Just tore through one of these and they are based on a customized Linux distro using LVM, so it's actually worse then BSD ZFS in terms of capability. It's a mini-itx board mounted sideways with a 10Gbe PCI-e adapter plugged into it's slot. There is an active community of people who load Ubunto, RHEL or even a "NAS" variant of BSD onto these devices.

I looked into the 40GbE and I'll be damned if someone actually made them. The spec allows for them but since 100GbE was also made at the same time I figured people would just jump from 10 to 100 and not muddle around, especially since cheap 40GBASE-T won't be standardized until next year.

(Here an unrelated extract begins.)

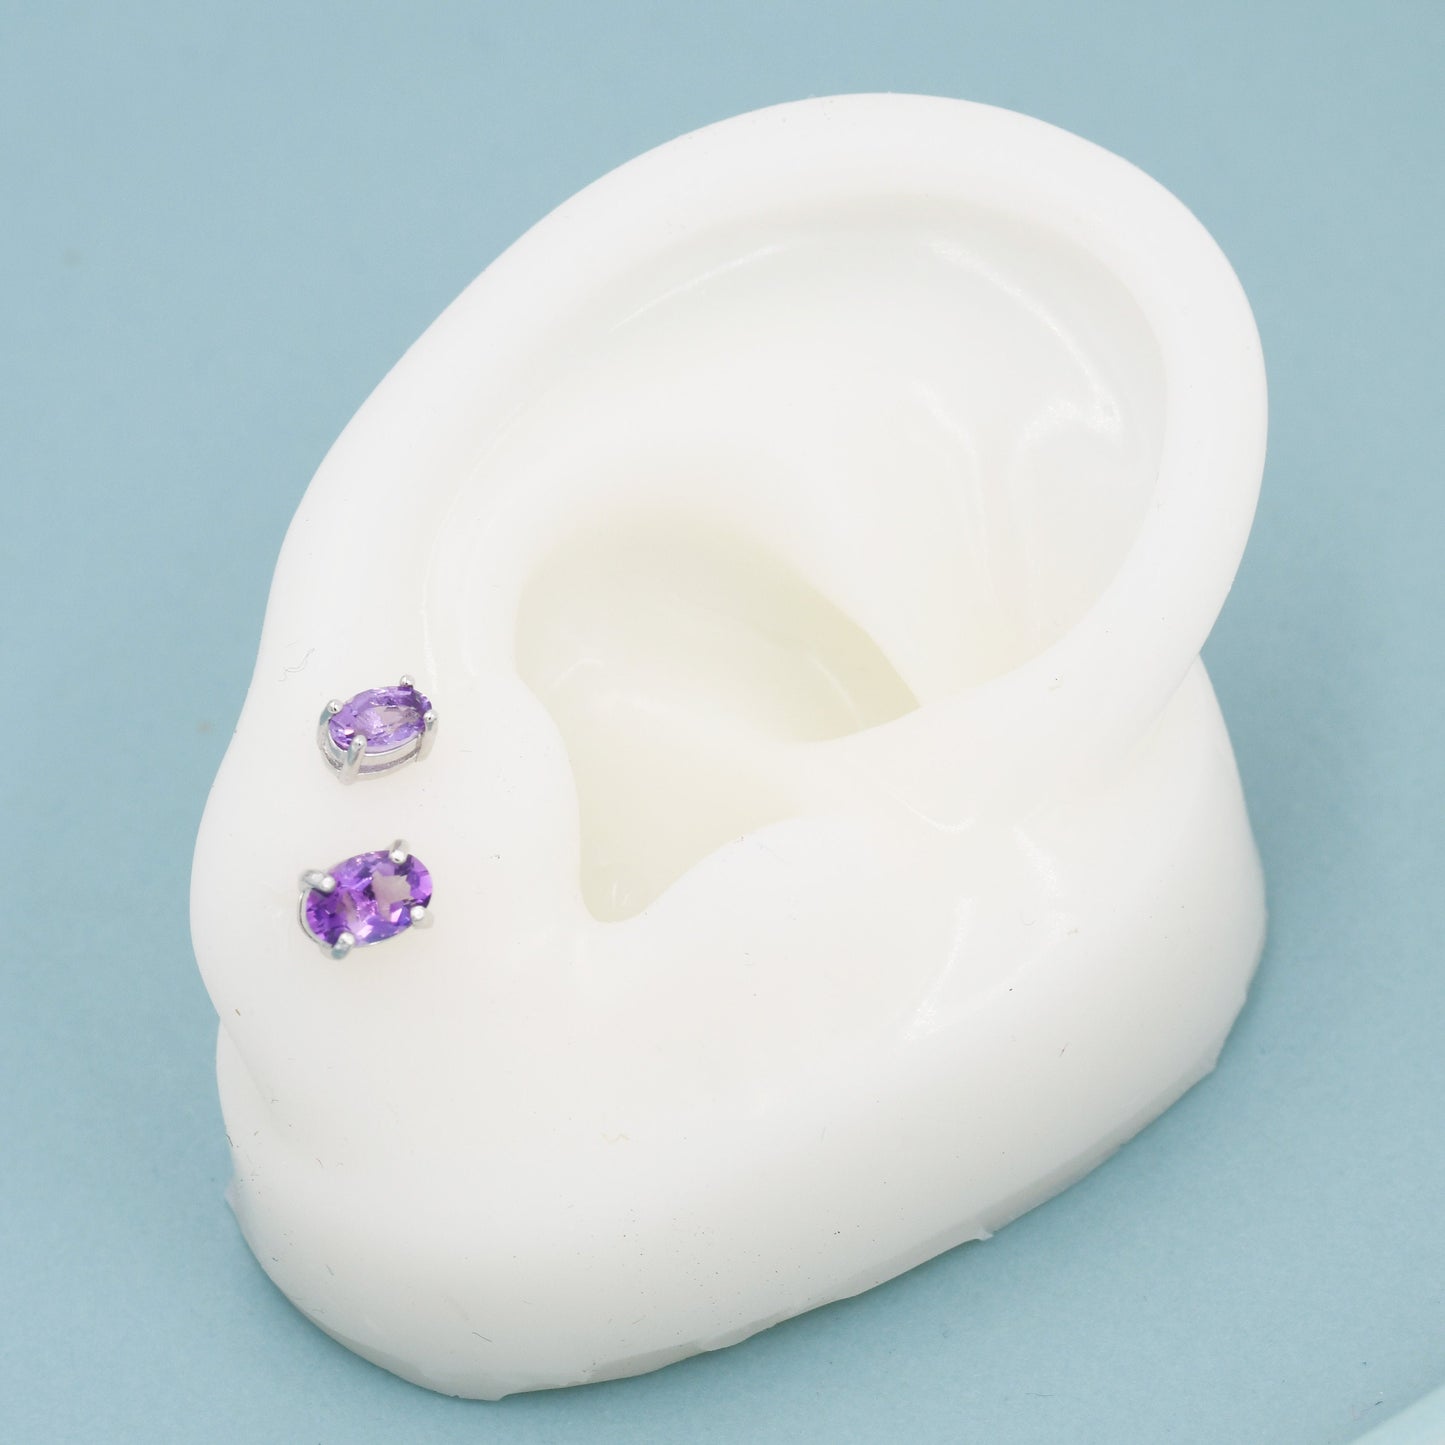 Genuine Amethyst Crystal Stud Earrings in Sterling Silver, Natural Purple Amethyst Oval Stud Earrings, February Birthstone

I mention iSCSI because if this is aimed at "home office" market, what on earth would need remote block level access to a storage volume? The performance impact of trying to run it over a home gigabit network is so bad and the price of disks so cheap, that it makes zero sense. That's why it's largely relegated to lab environments where the user is doing some sort of project / module and needs a cheap way to simulate an "enterprise" like environment.

This device, and others like it, are very expensive for what they offer. It seems more a collection of bullet point style features where the point is to have more +1's then the competition. There is no denying the market for home automation is expanding as our lives become more and more integrated with technology, and many people either don't have the knowledge or have the knowledge but not the time, to do it themselves. Or in the case of branch offices of business's, they want someone else legally liable for when / if something breaks. That is the market these are aimed at because otherwise there is absolutely nothing special inside them, which is the point I made earlier. They are just file servers where someone else has built some really nice management software.